▶ _Brief_:
The line containing "Sample page 5" and each line after it, through the final line of the data, are to be retyped exactly, with pictures left out.

BEGIN Information supplied

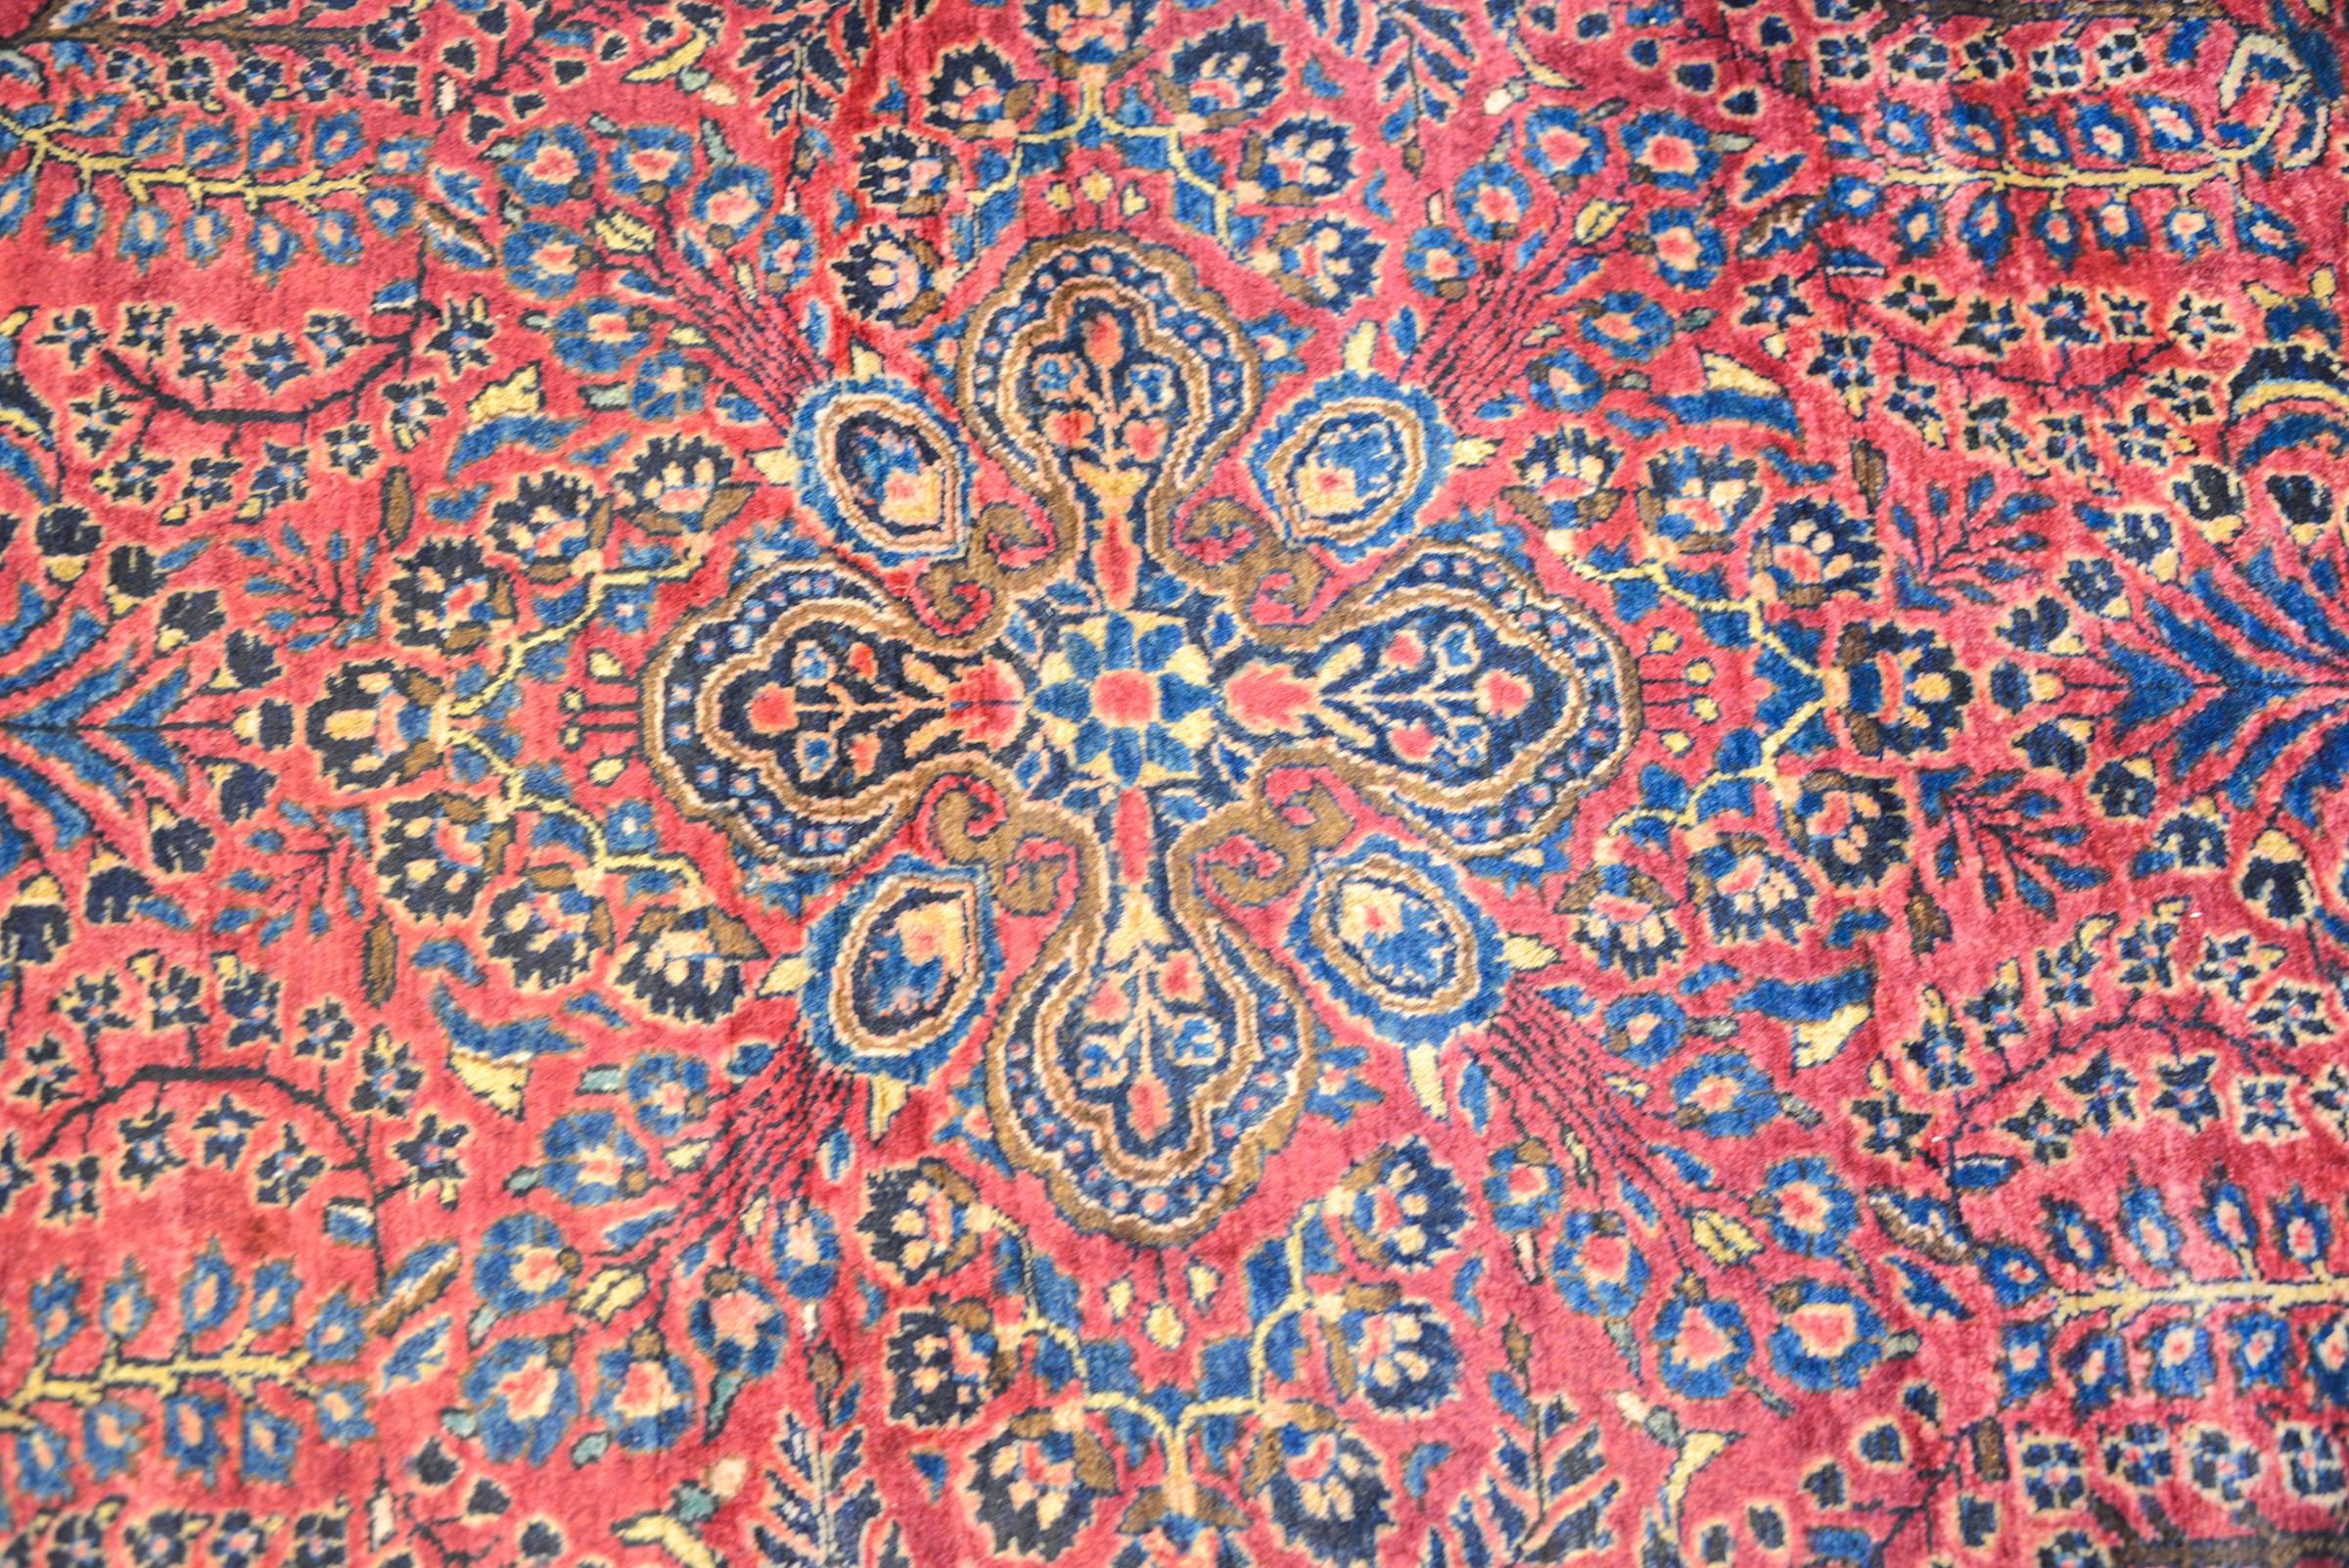 A wonderful early 20th century Persian Sarouk Maharajan rug with an exquisite all-over mirrored floral and tree-of-life pattern woven in multicolored vegetable dyed wool on a cranberry background. The border is complex with multiple wide and narrow
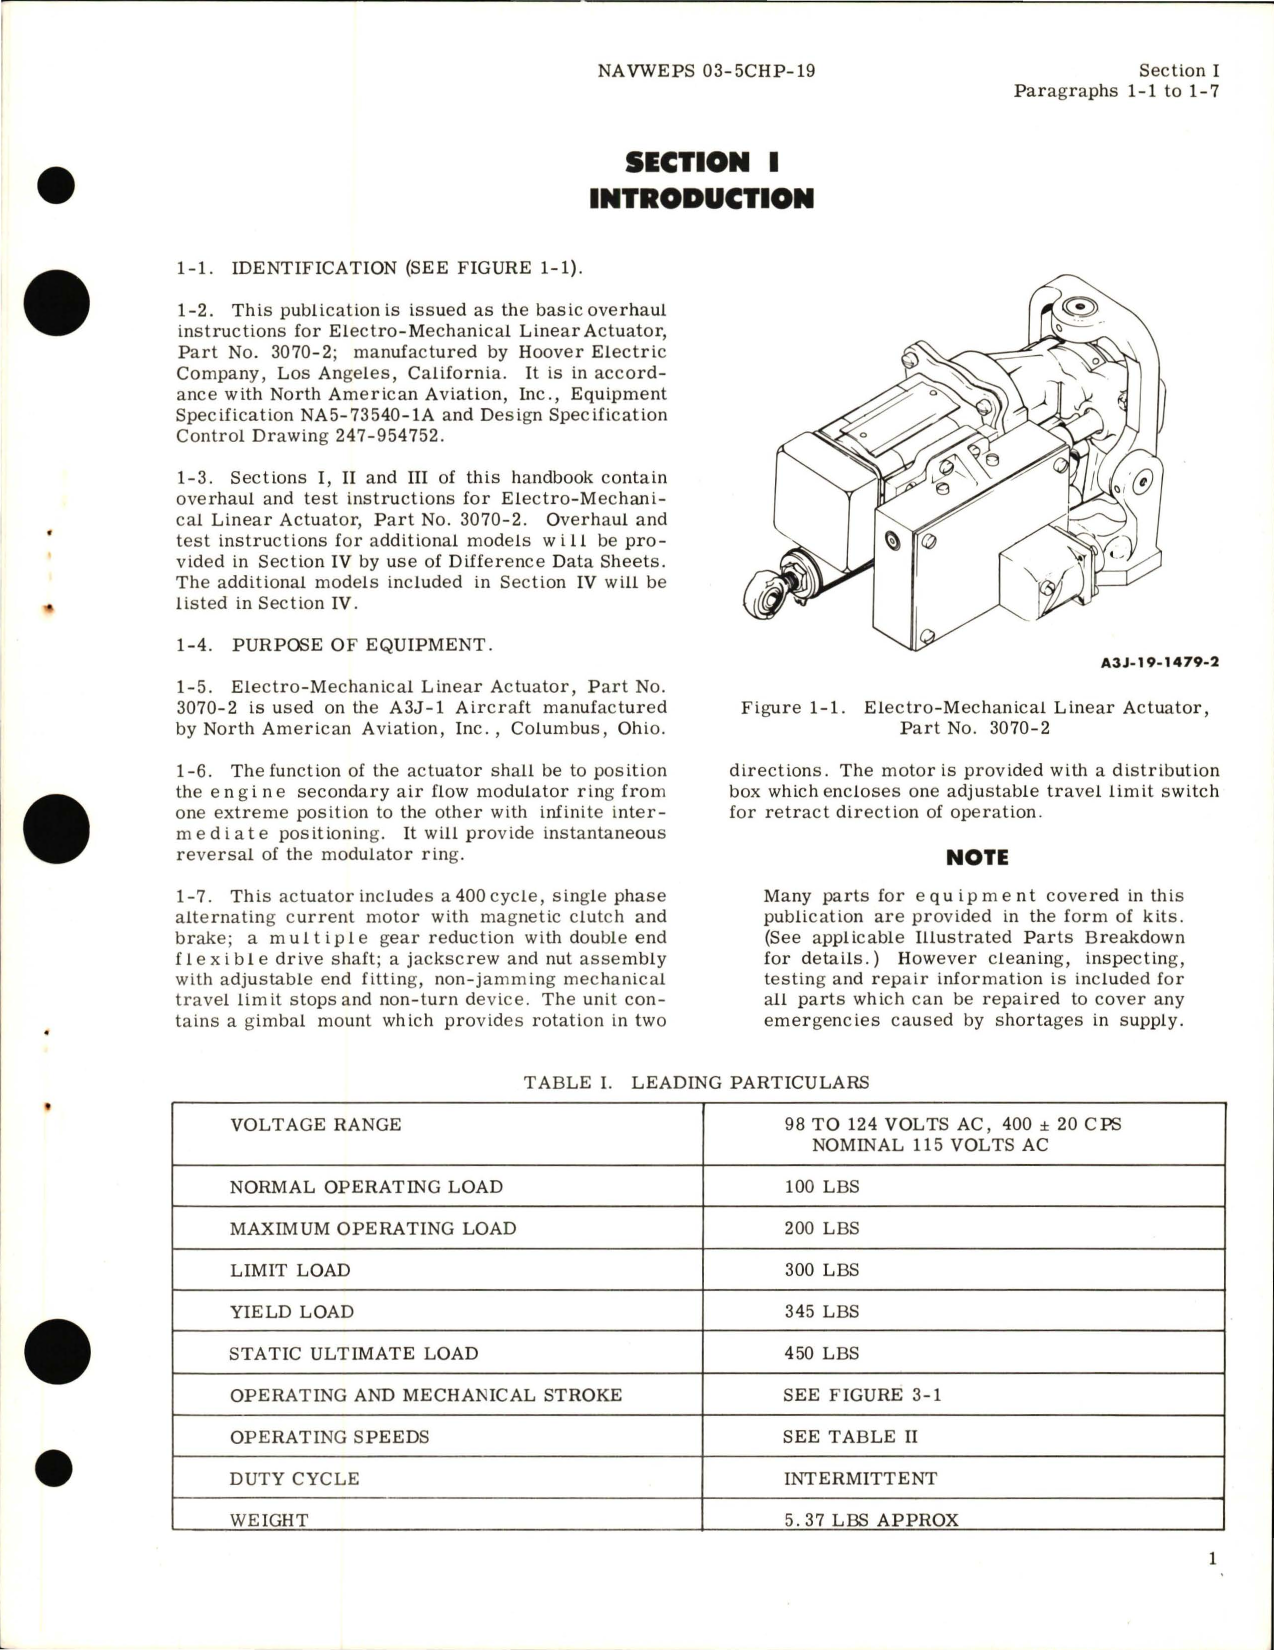 Sample page 5 from AirCorps Library document: Overhaul Instructions for Electro-Mechanical Linear Actuator 3070-2 and 36070-22
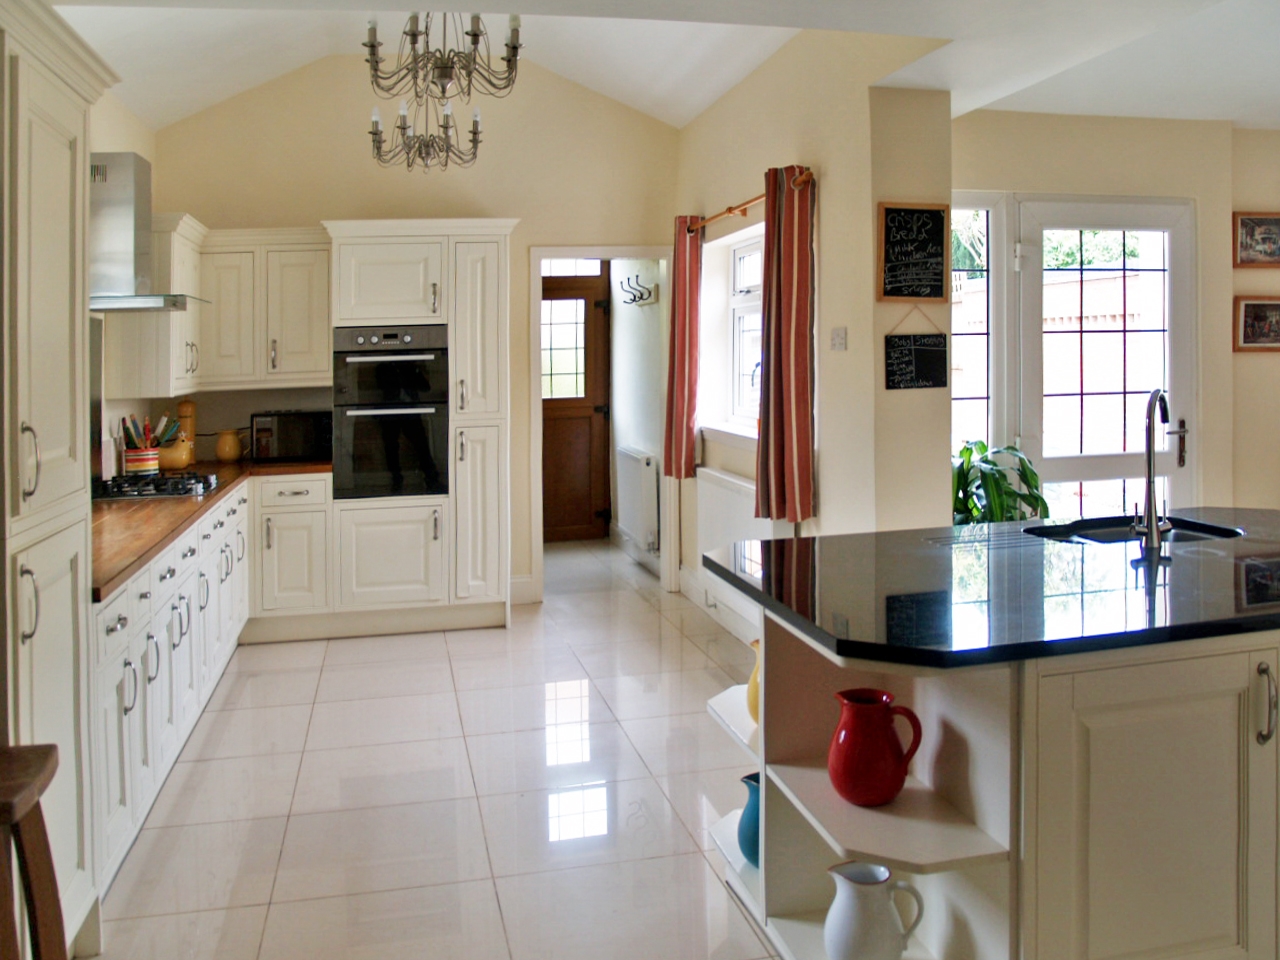 4 bedroom detached house SSTC in Solihull - photograph 7.
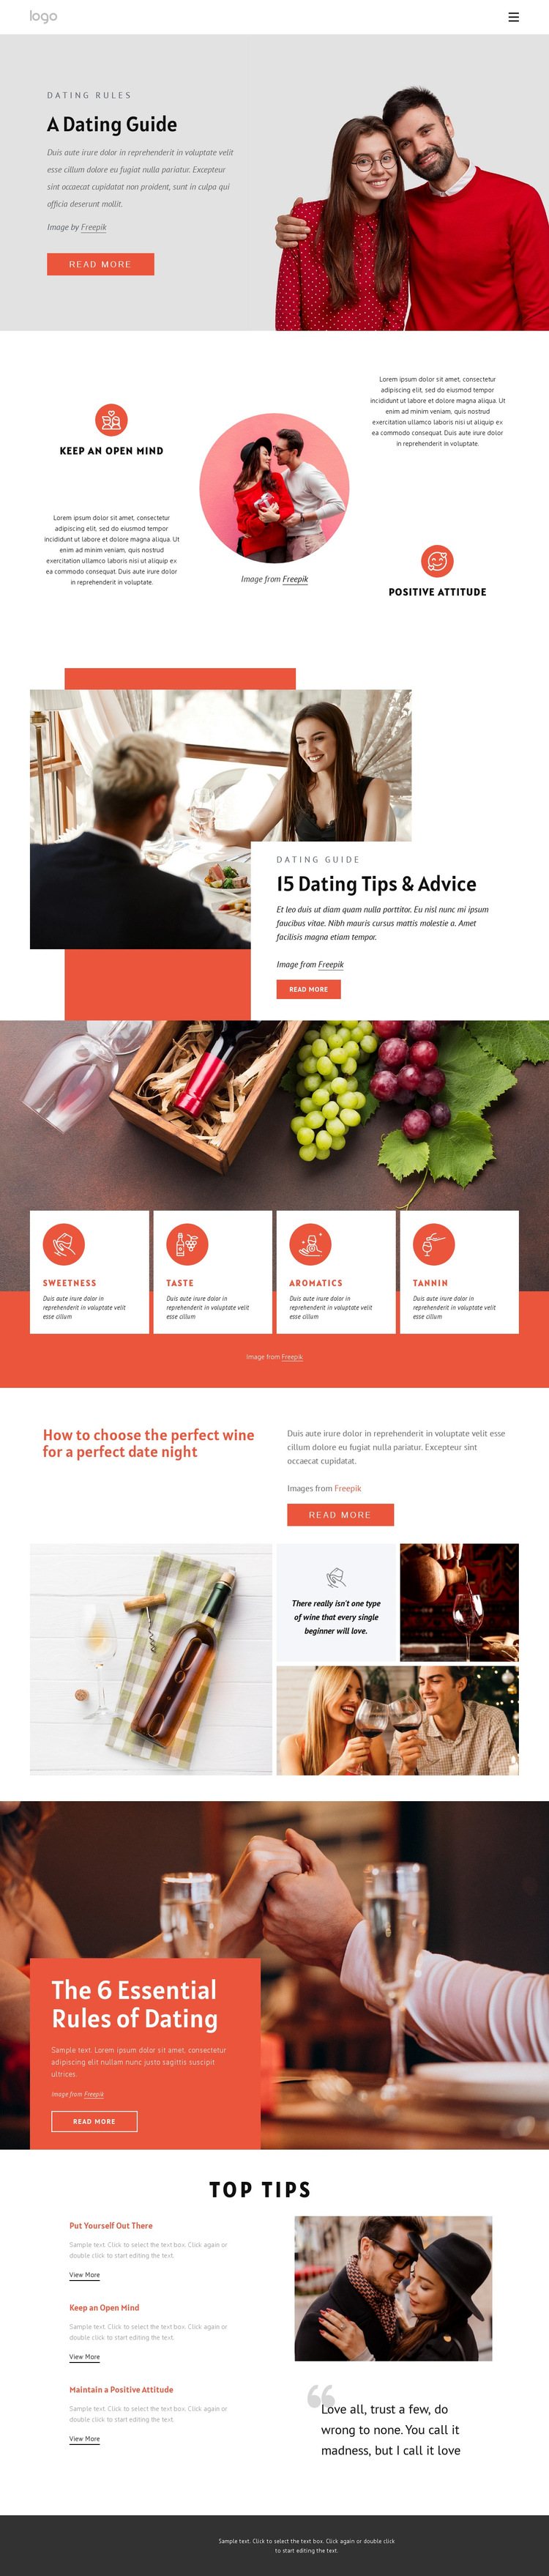 Dating guide HTML5 Template

END Information supplied

▶ _Solution_:
 Sample page 5 from AirCorps Library document: Overhaul Instructions for Electro-Mechanical Linear Actuator 3070-2 and 36070-22
 4 bedroom detached house SSTC in Solihull - photograph 7.
 Dating guide HTML5 Template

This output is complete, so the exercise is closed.